Солдаты развернулись и строевым шагом пошли в сторону Большого проспекта.
Марина повернулась к своему спасителю и… оказалась лицом к лицу со светловолосым немцем, с которым повстречалась в булочной Зазунова. Он наклонился и поднял ее разбросанные пакеты. Распрямившись, взял ее под локоть.
— Спасибо, — прошептала она, пытаясь сдержать слезы, которые готовы были вот-вот политься из глаз, и не показать, до чего она ему рада.
Он коротко поклонился.
— Не нужно ненафидеть фсех японцев из-за этих трех. Они сказать, что проферять фаш документы. Я сказать, что сам проферять. — Он кивнул подбородком в сторону удаляющихся солдат. — Три мерзаффца. Они будут наказаны. Фи должны понимать.
— Да, да, я понимаю, — пробормотала Марина, пытаясь сообразить, почему немец говорил по-японски и почему солдаты его послушались. Ей захотелось как можно быстрее уйти отсюда.
— Фи должны понимать, — настойчиво повторил мужчина, — я друг Японии. Такое случаться не часто.
Марина пошла в сторону дома, и на этот раз она была совсем не против того, чтобы этот человек последовал за ней. Каблуки его ботинок цокали по дороге с металлическим звуком. Этот звук она уже слышала. Марина украдкой покосилась на немца: худое лицо, благородный профиль. Дорогой он не пытался заговорить с ней и даже не смотрел на нее, но, когда подошли к калитке ее дома, мужчина остановился и с серьезным видом отпустил вежливый поклон.
— Меня зофут Рольф Файмер. Я состоять при немецком консульстфе в Харбин.
— А я Марина Разумова, — услышала она свой голос.
Его голубые глаза потеплели, но огонек в них горел недолго, и через какой-то миг он снова стал серьезен.
— Фи можете меня учить русский язык? — отрывисто произнес он.
— Нет, я не учитель. Я студентка.
Очередная глупость! Зачем рассказывать о себе, если тебя не спрашивают? Что это на нее нашло?
Тут Ваймер впервые улыбнулся.
— Фи подумать, пожалуйста. Я хотеть изучить русский получше. Скоро я спросить еще раз. Фозможно, фи подумать и ответить «да».
Он снова поклонился, после чего быстро развернулся и зашагал прочь.
Марина растерянно проводила его взглядом. Если он вернется и повторит свою просьбу… Она не знает, что ответить.
Глава 26
Марина рассказала матери о встрече с японскими солдатами и Рольфом Ваймером. Надя потянула было к дочери руки, но, передумав, накрыла рот ладонью и покачала головой.
— Слава Богу, что этот немец помог тебе! Если бы… — Она всхлипнула и заключила дочь в объятия. — О, Марина, доченька, будь осторожна… Будь осторожна, умоляю!
— Не волнуйся, мама, теперь уж буду. А на просьбу господина Ваймера я не согласилась.

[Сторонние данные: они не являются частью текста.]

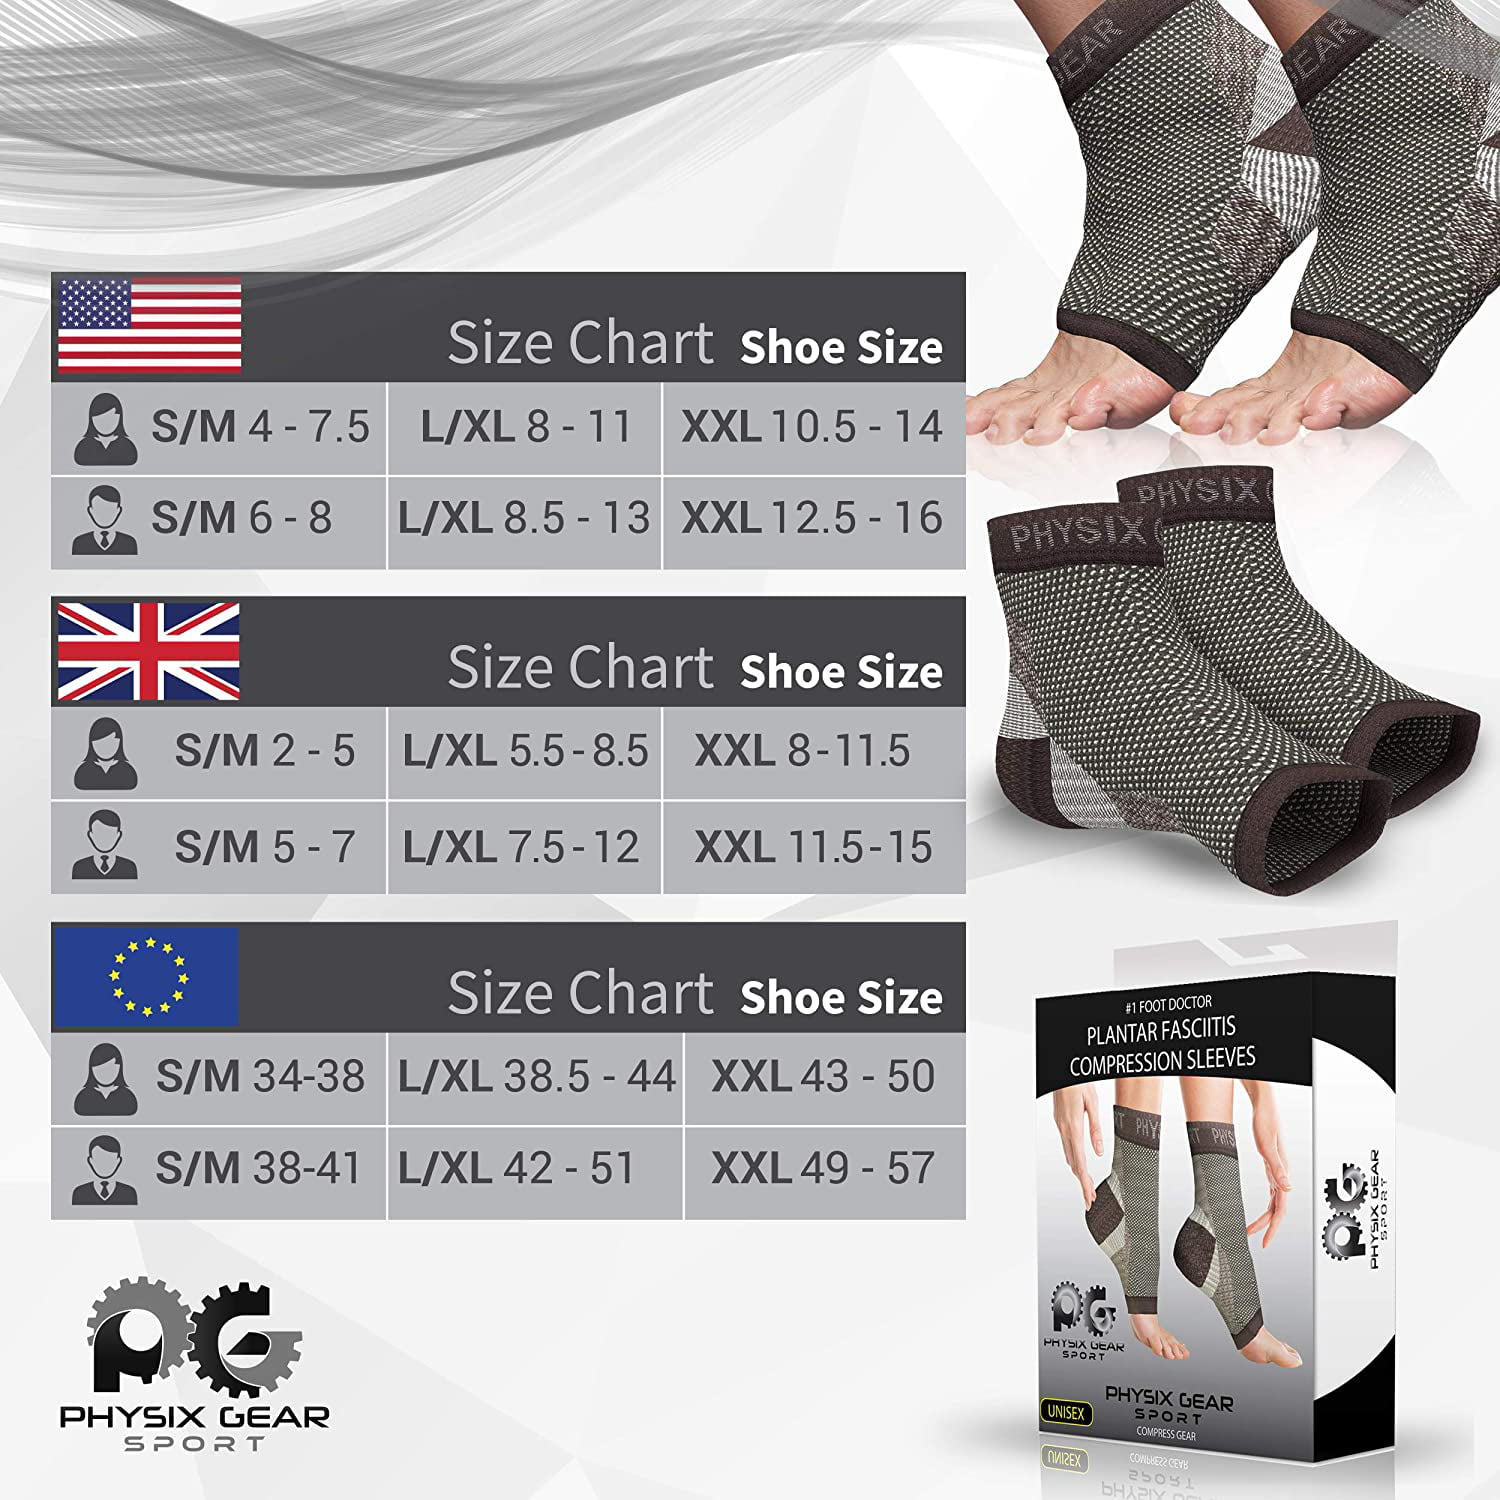 Holds Shape & Better Than a Night Splint Washes Well Best 24/7 Compression Socks Foot Sleeve for Aching Feet & Heel Pain Relief Plantar Fasciitis Socks with Arch Support for Men & Women

— Ну, если он все же придет, нужно будет принять его как полагается. Он ведь спас тебя.
Прошло несколько дней, и однажды вечером, когда Марина уже легла, в дверь позвонили. Она посмотрела на стоявший на тумбочке будильник. Стрелки показывали девять. Дяди Сережи дома не было, он ушел играть в маджонг, прислуга тоже уже разошлась. Набросив махровый халат, она выглянула в коридор. Мать, в персиковом капоте, уже открыла дверь и разговаривала с Рольфом Ваймером. Марина спряталась за дверь своей комнаты и прислушалась.
— Я пришель брать урок русский язык у фройляйн Разумофа, — с трудом выговорил он.
Мать ответила негромко, и Марине пришлось напрячь слух.
— …очень поздно. Извините.
— Но у меня есть только это фремя, — возразил Ваймер, делая ударение на каждом слове.
— А для нас это время неудобно. Зайдите как-нибудь днем.
Ответа немца Марина не расслышала, но в следующий миг дверь закрылась, и мать вернулась в свою комнату.
Утром она обратилась к Марине:
— Нужно быть поосторожнее с этими немцами. Нельзя показывать им свой страх, но заводить с ними дружбу тоже не стоит. Я против того, чтобы ты давала ему эти уроки, но дядя Сережа считает, что опасно настраивать его против нас. Будем надеяться, что он не вернется.